Currently, there are three U.S. Food and Drug Administration (FDA)–approved PDE-5 inhibitors on the market: Viagra (sildenafil), Levitra (vardenafil), and Cialis (tadalafil). Although all three of these oral medications are PDE-5 inhibitors, they are not the same. No head-to-head comparison trials have been published. It appears, however, that all three agents are similar in efficacy, helping 60% to 70% of patients with erectile dysfunction.[21-23] However, comparisons of the efficacy of the PDE-5 inhibitors are complicated by the heterogeneity of the populations studied, the varied primary cancer therapies employed, different timing in measuring outcomes in the clinical trials, and variance in the endpoints used to determine efficacy. Furthermore, most of these trials were industry sponsored.

The major contraindications for use of a PDE-5 inhibitor are concurrent use of nitrates or the alpha-blockers terazosin (Hytrin) and doxazosin (Cardura). The major difference in the three approved inhibitors is that tadalafil has a considerably longer serum half-life, which provides both a larger window of opportunity and potential side effects.[21,22] There is far more research on the use of sildenafil than on the use of the other PDE-5 inhibitors in oncology patients, as it was approved in 1998; vardenafil and tadalafil were approved in 2003. Tadalafil was investigated in the treatment of erectile dysfunction following bilateral nerve-sparing radical retropubic prostatectomy. Results from this randomized, double-blind, placebo-controlled, multicenter study found that 71% of patients randomly assigned to receive tadalafil reported improved erections.[24] Vardenafil had been investigated in the treatment of erectile dysfunction after radical retropubic prostatectomy and following nerve-sparing radical prostatectomy.[25,26] In post–radical retropubic prostatectomy patients, the average intercourse success rate per patient receiving 20 mg of vardenafil was 74% in men with mild to moderate erectile dysfunction and 28% in men with severe erectile dysfunction, compared with 49% and 4% for placebo.[25] Patients receiving 10-mg and 20-mg doses of vardenafil following nerve-sparing radical prostatectomy reported significantly greater intercourse satisfaction, orgasmic function, and overall satisfaction rate with hardness on the International Index of Erectile Function (IIEF), compared with those receiving placebo.[26]
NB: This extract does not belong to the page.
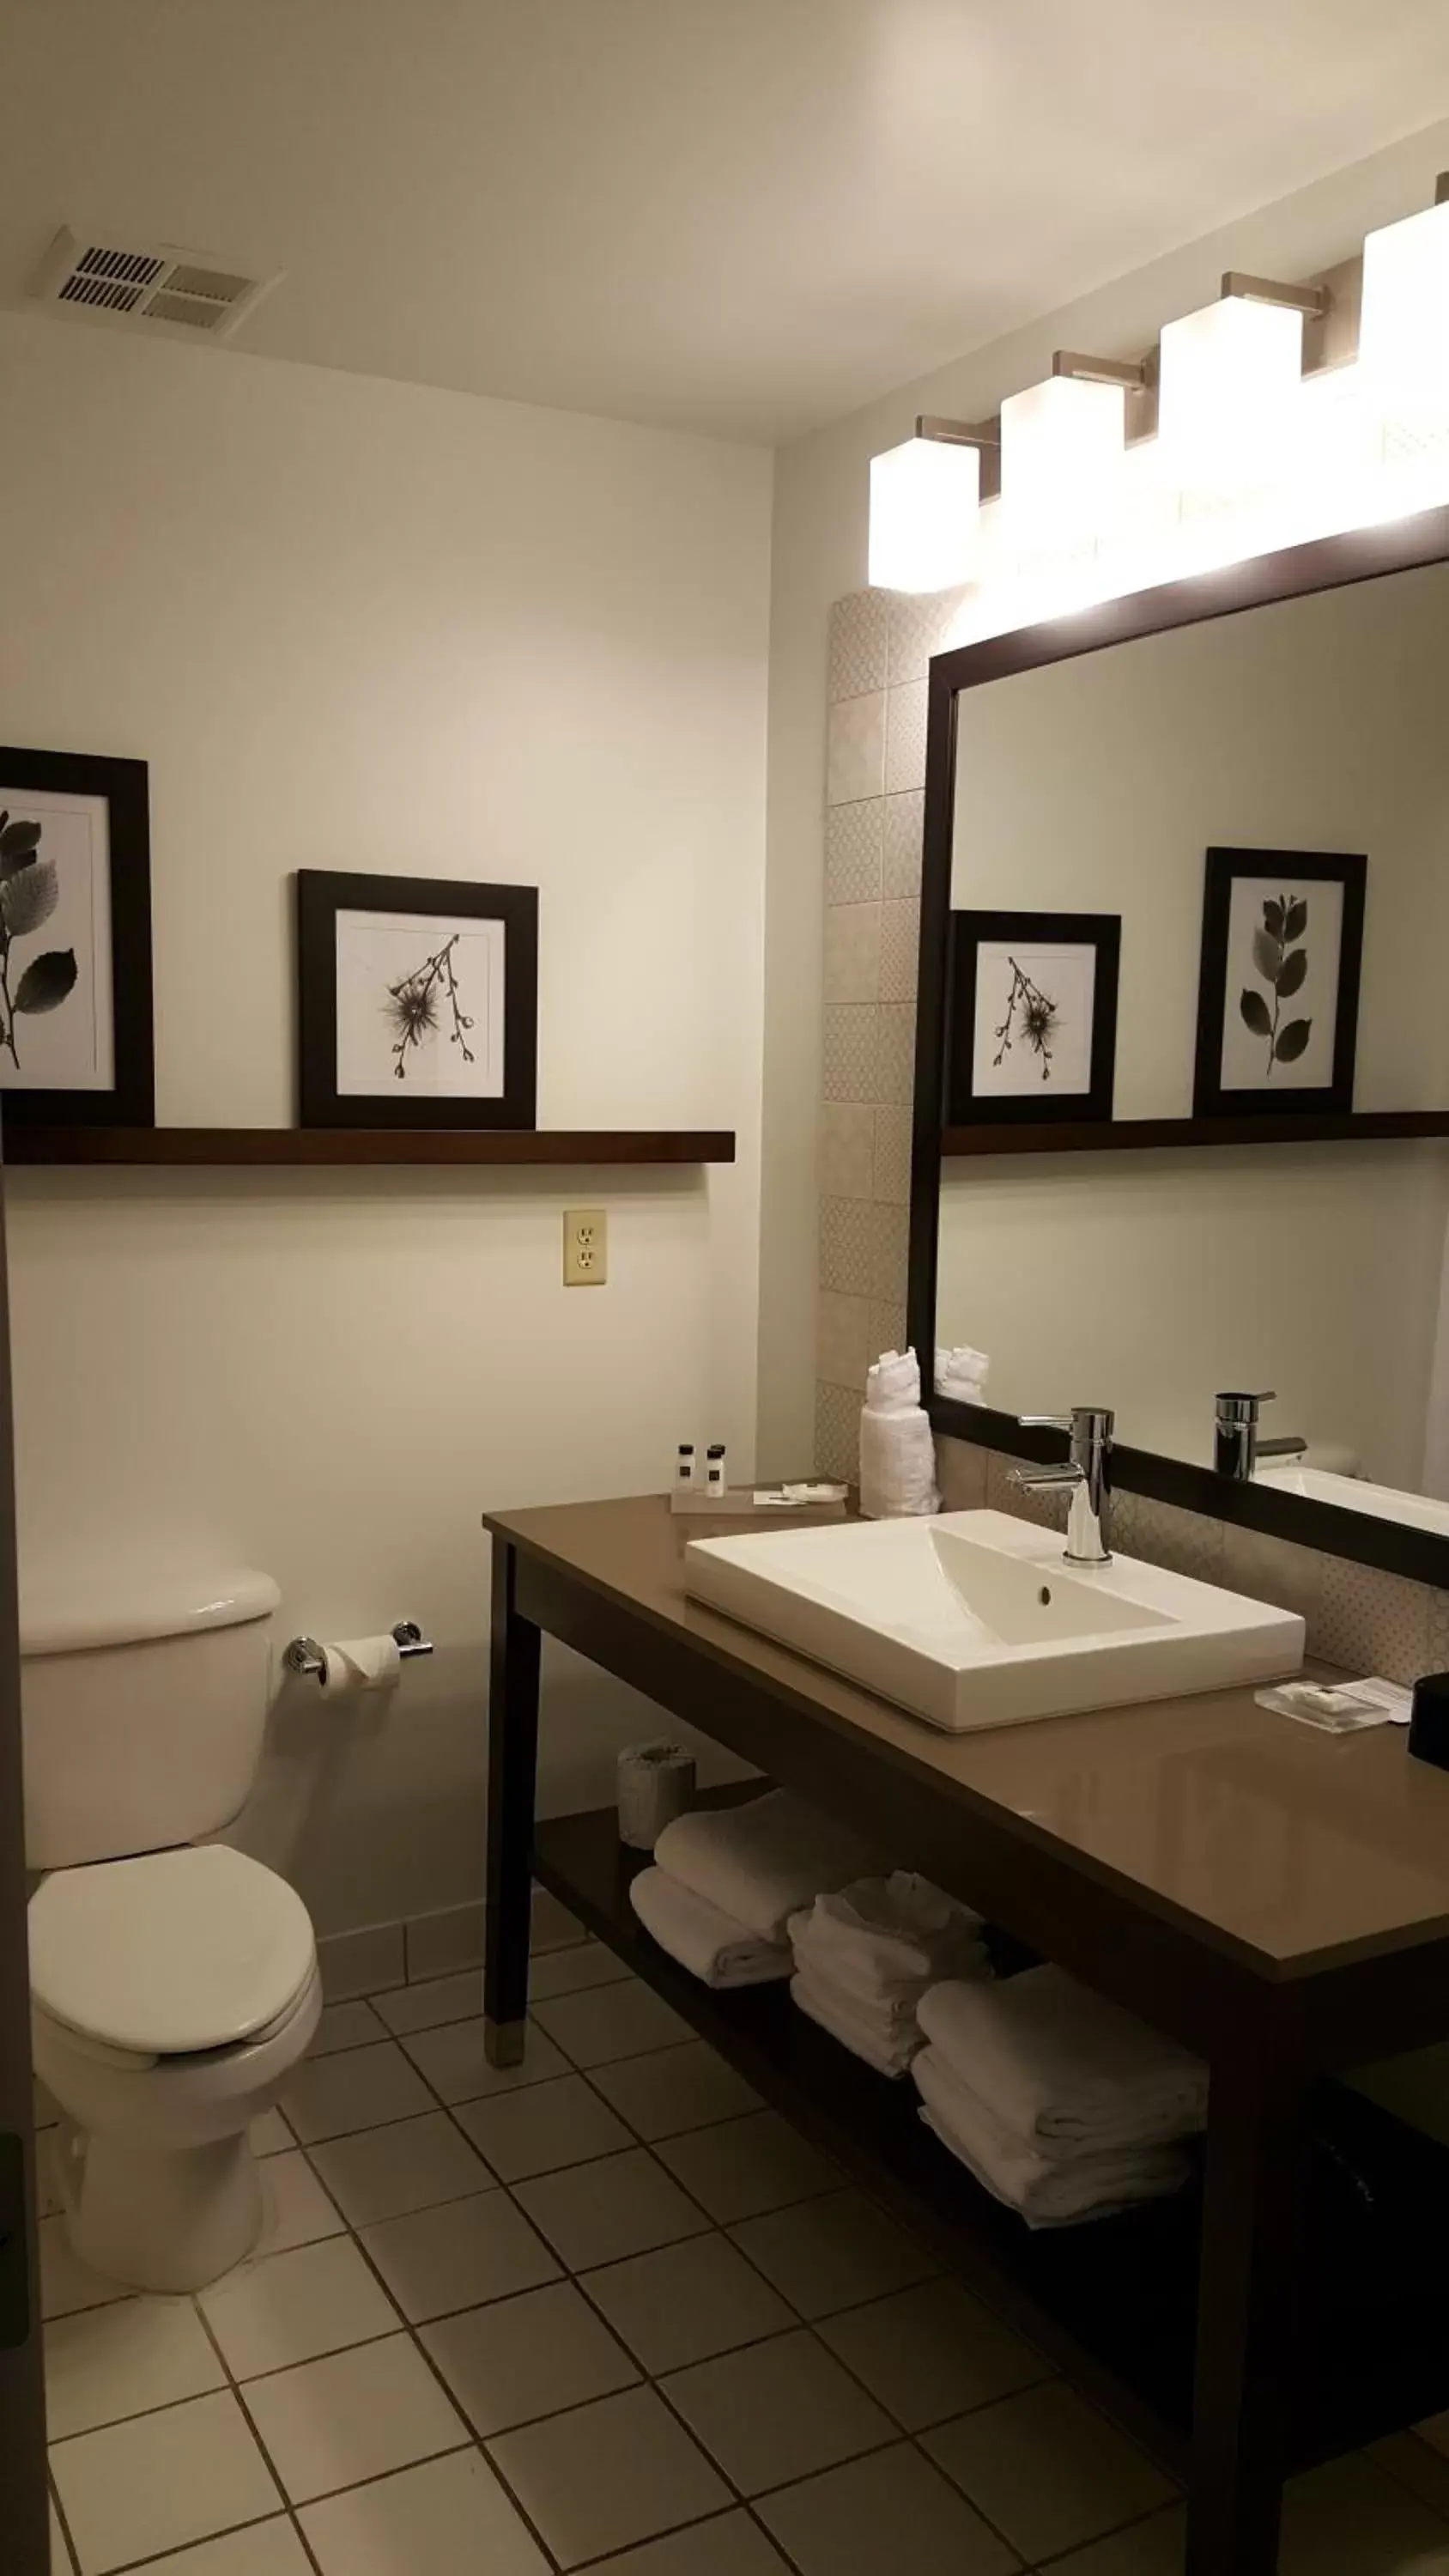 Bathroom in Country Inn & Suites by Radisson, Springfield, OH

Therapies such as penile injections, vacuum devices, or intraurethral medication have extremely high dropout rates, and of men who seek help at clinics for erectile dysfunction, only about one third feel long-term satisfaction, despite trying a mean of two different treatment modalities.[27-30] For men who have a suboptimal response to oral therapies after radical retropubic prostatectomy, the use of combined intracorporal injection (ICI) and a PDE-5 inhibitor has been shown to improve erectile function. One retrospective study found that among men who experienced erectile dysfunction after nerve-sparing retropubic prostatectomy, 68% who combined ICI with either sildenafil or vardenafil reported improved erectile function. On follow-up, 36% of these patients used ICI therapy only intermittently, as they reportedly felt that this was adequate for good results.[31]
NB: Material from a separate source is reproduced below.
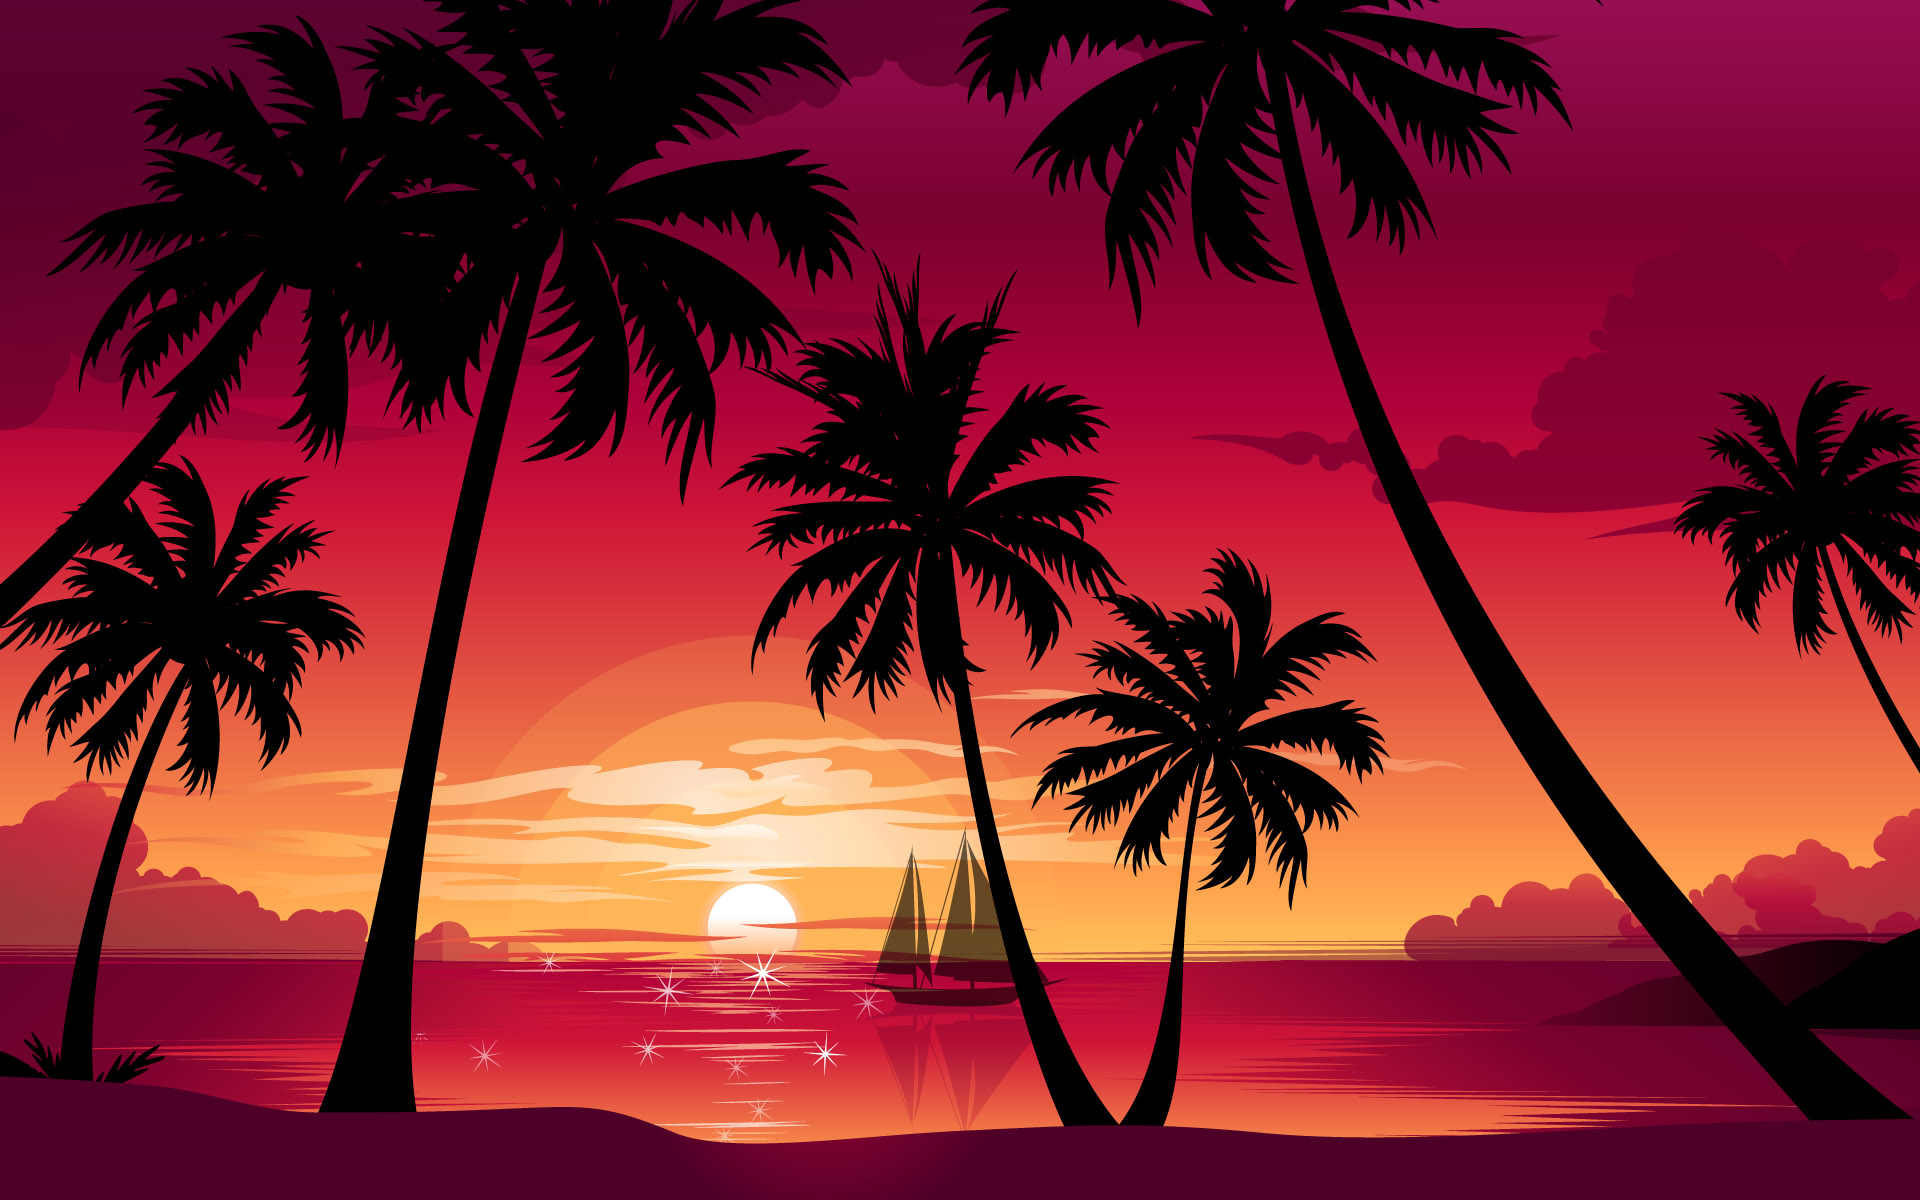 Sunset Backgrounds free download | Wallpapers, Backgrounds, Images ...

Rates of long-term satisfaction are superior for penile prosthesis surgery,[32-34] but with less invasive and permanent treatments available, fewer men choose this treatment modality, particularly after undergoing intensive cancer therapy.[35] The role of the man’s partner in prompting him to try a treatment or to keep on using it is also poorly understood. When erectile functioning is impaired, counseling should initially focus on obtaining sexual pleasure and satisfaction without erections or intercourse. For men with postsurgical erectile dysfunction, there is the possibility for improved function over time as nerves may potentially regenerate for up to 2.5 years after surgery.[6] Providers should educate patients that opting to use no medical intervention to restore erections is also a valid choice. Comprehensive reviews of the current management of erectile dysfunction are available.[36-40] Also, several authors [37,41,42] provide further discussion on the management of inhibited sexual desire and other male sexual dysfunctions.
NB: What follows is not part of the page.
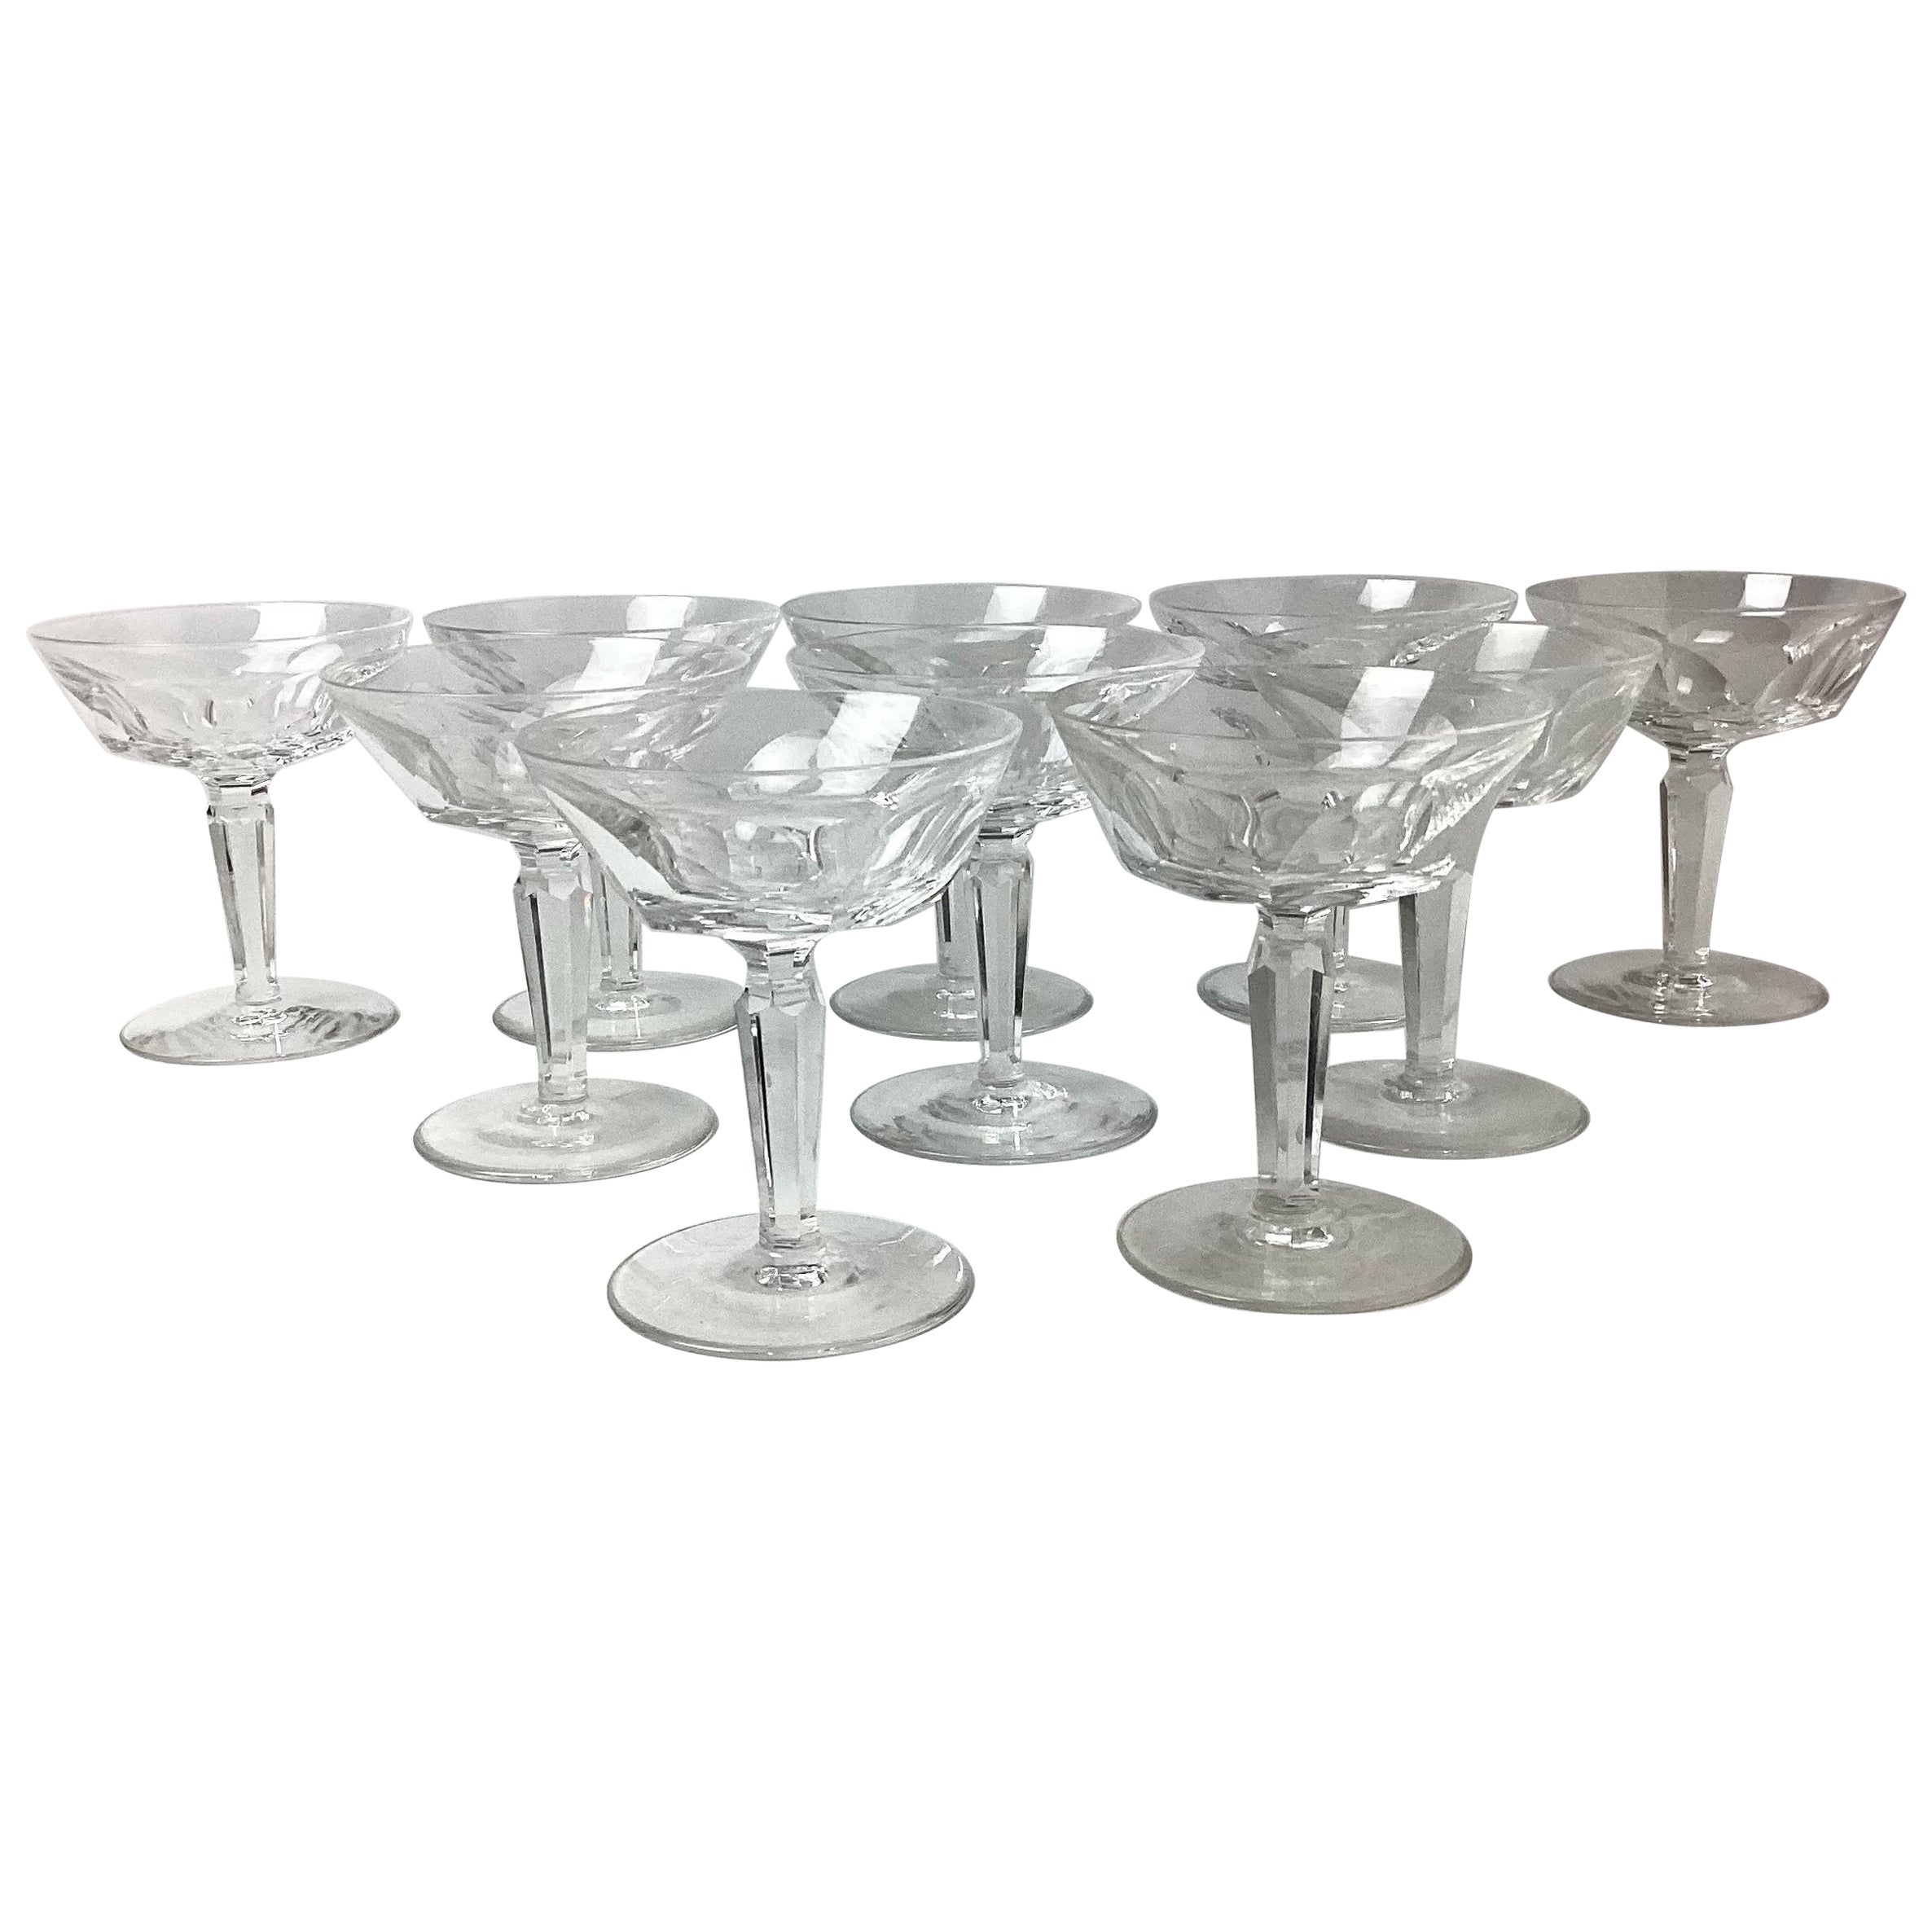 Set of 10 Waterford Sheila Cut Champagne or Tall Sherbet For Sale

When women experience changes in arousal, most notably vaginal dryness and irritation, vaginal moisturizers (e.g., Replens) and water-based lubricants (e.g., Astroglide and K-Y Liquid) should be suggested, especially in women who cannot use estrogen replacement. The approval of the estradiol-releasing vaginal ring (Estring), containing a slow-release preparation, 2 mg of micronized 17-beta-estradiol, may also provide a less risky alternative to systemic estrogen replacement for women with postmenopausal vaginal atrophy.[43,44] Estring has demonstrated a decreased recurrence of urinary tract infections in postmenopausal women and a significant maturing effect on vaginal and urethral mucosal cells, decreasing the urogenital symptoms of postmenopausal women.[45] Another alternative to local estrogen replacement is the first-available 25-μg 17-beta-estradiol vaginal tablet (Vagifem). A recent study comparing Vagifem tablets to 1.25-mg conjugated equine estrogen vaginal cream (Premarin) found both to be equivalent in relieving symptoms of atrophic vaginitis, with patients who received Vagifem experiencing less endometrial proliferation or hyperplasia. This study also found that women rated vaginal tablets more favorably than vaginal cream.[46]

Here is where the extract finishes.